Höchst merkwürdig ist der Umstand, daß jeder Mensch in jedem seiner Augen einen Punkt hat, auf welchem er völlig blind ist. Man kann sich hiervon überzeugen, wenn man auf ein Blatt weißen Papieres eine rothe Oblate legt und in etwa 21/2 Zoll Entfernung rechts von derselben ein ungefähr 81/2 Zoll hohes Buch auf das Papier stellt. Legt man dann den Kopf mit der Nase auf das Buch, schließt das rechte Auge und blickt mit dem linken Auge scharf am Buche herab, so gewahrt man zugleich die seitwärts liegende weiße Fläche des Papiers, aber die Oblate nicht, welche gradezu verschwunden ist. Sie kommt alsbald zum Vorschein, wenn man das Auge etwas aus der angegebenen Stellung verrückt.

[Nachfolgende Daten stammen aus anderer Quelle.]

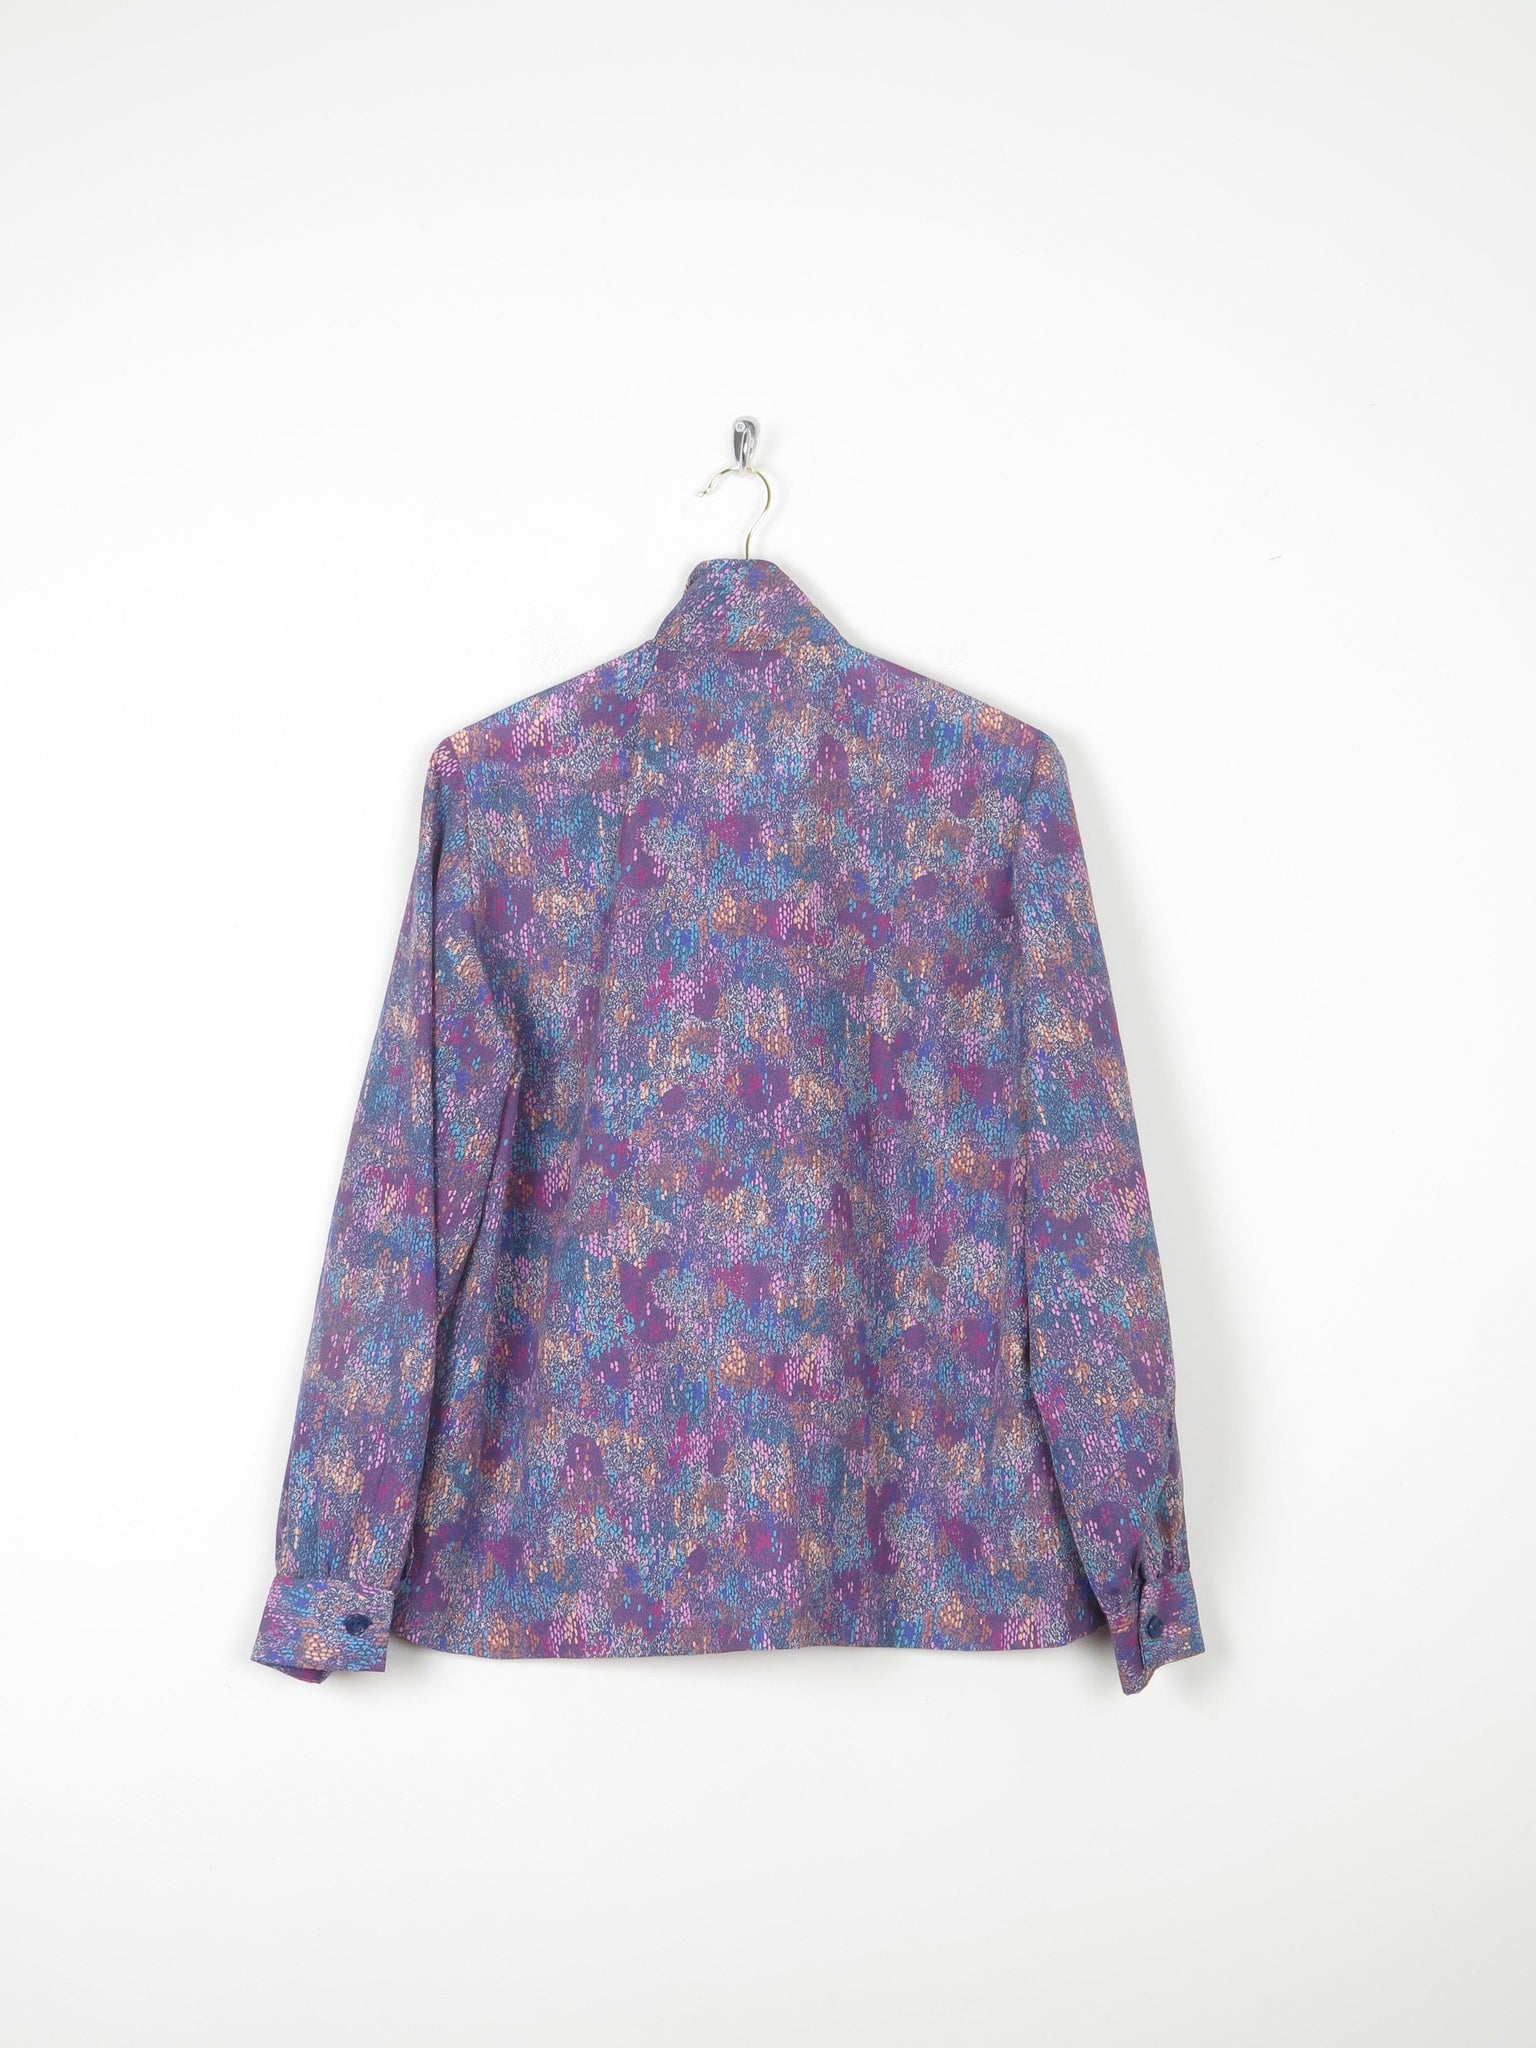 Women's Purple Printed Tie Neck blouse M/L 12/14 Approx - The Harlequin

Der Sinn des Gesichts ist, wie der schärfste und am weitesten reichende Sinn des Menschen, auch derjenige, welcher den meisten Täuschungen und Fehlern ausgesetzt ist. Außer dem Staar (s.d.) und der angegebenen Kurzsichtigkeit und Weitsichtigkeit gehören zu den Augenfehlern das Tagsehen und das Nachtsehen. Jenes, auch Nachtblindheit oder Hühnerblindheit genannt, äußert sich dadurch, daß das Auge nur im hellen Sonnenlichte sieht, für schwaches Licht aber völlig unempfindlich, blind ist, und kommt besonders in gewissen Ländern, z.B. China, Brasilien, sehr häufig vor. Bei dem Nachtsehen oder der Tagblindheit kann das Auge das helle Sonnenlicht nicht ertragen und sieht dafür bei schwachem Lichte besser, als ein gewöhnliches Auge. Die Empfindlichkeit des Auges für das Licht geht zuweilen bis zur Lichtscheu, bei welcher das Auge fast gar kein Licht zu ertragen vermag. Blendendweiße Gegenstände bringen im Auge einen schmerzhaften Reiz hervor, der sogar entzündlich werden kann. Eine hieher gehörige Erscheinung ist die in den Polargegenden häufig vorkommende Schneeblindheit.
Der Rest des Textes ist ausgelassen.